Upon completion, `c` will contain state that allows you to see what
happened:

```clojure
(clojure.pprint/pprint (:state c))
;; URLs still in the queue
{:url-queue #,
;; URLs that were seen/queued
:url-count #,
;; running worker threads (will contain thread objects while crawling)
:running-workers #,
;; canaries for running worker threads
:worker-canaries #,
;; a map of URL to times seen/extracted from the body of a page
:seen-urls
#}
```

## Features
- Multithreaded, with the ability to add and remove workers as needed
- No global state, run multiple crawlers with multiple threads at once
- Pre-written handlers for text files and ElasticSearch
- Skips URLs that have been seen before
- Domain limiting to crawl pages only belonging to a certain domain

## Included handlers

Itsy includes handlers for common actions, either to be used, or
examples for writing your own.

### Text file handler

The text file handler stores web pages in text files.
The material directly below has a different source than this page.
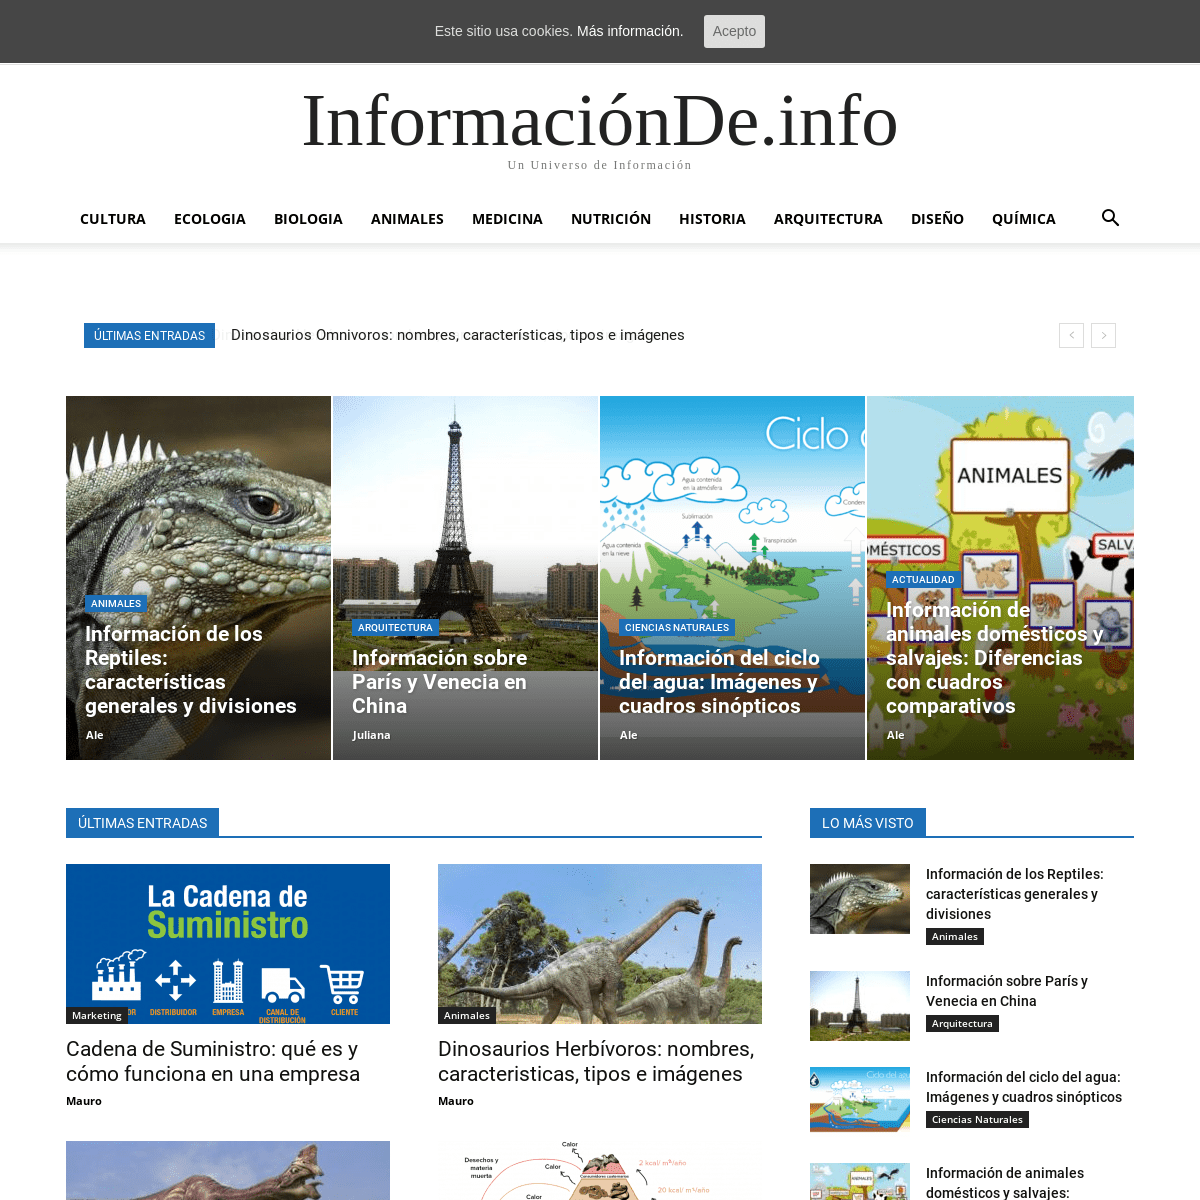 A complete backup of informacionde.info

It uses the
`html->str` method in `itsy.extract` to convert HTML documents to
plain text (which in turn uses [Tika](http://tika.apache.org) to
extract HTML to plain text).

Usage:

```clojure
(ns bar
(:require [itsy.core :refer :all]
[itsy.handlers.textfiles :refer :all]))

;; The directory will be created when the handler is created if it
;; doesn't already exist
(def txt-handler (make-textfile-handler {:directory "/mnt/data" :extension ".txt"}))

(def c (crawl {:url "http://example.com" :handler txt-handler}))

;; then look in the /mnt/data directory
```

### [ElasticSearch](http://elasticsearch.org) handler

The elasticsearch handler stores documents with the following mapping:

```clojure
{:id {:type "string"
:index "not_analyzed"
:store "yes"}
:url {:type "string"
:index "not_analyzed"
:store "yes"}
:body {:type "string"
:store "yes"}}
```

Usage:

```clojure
(ns foo
(:require [itsy.core :refer :all]
[itsy.handlers.elasticsearch :refer :all]))

;; These are the default settings
(def index-settings {:settings
{:index
{:number_of_shards 2
:number_of_replicas 0}}})

;; If the ES index doesn't exist, make-es-handler will create it when called.
(def es-handler (make-es-handler {:es-url "http://localhost:9200/"
:es-index "crawl"
:es-type "page"
:es-index-settings index-settings
:http-opts {}}))

(def c (crawl {:url "http://example.com" :handler es-handler}))

;; ... crawling and indexing ensues ...
```

## Todo

- Relative URL extraction/crawling
- Always better URL extraction
- Handlers for common body actions
- elasticsearch
- text files
- other?
- Helpers for dynamically raising/lowering thread count
- Timed crawling, have threads clean themselves up after a limit
- Have threads auto-clean when url-limit is hit
- Use Tika for HTML extraction
- Write tests

## License

Copyright © 2012 Lee Hinman

Distributed under the Eclipse Public License, the same as Clojure.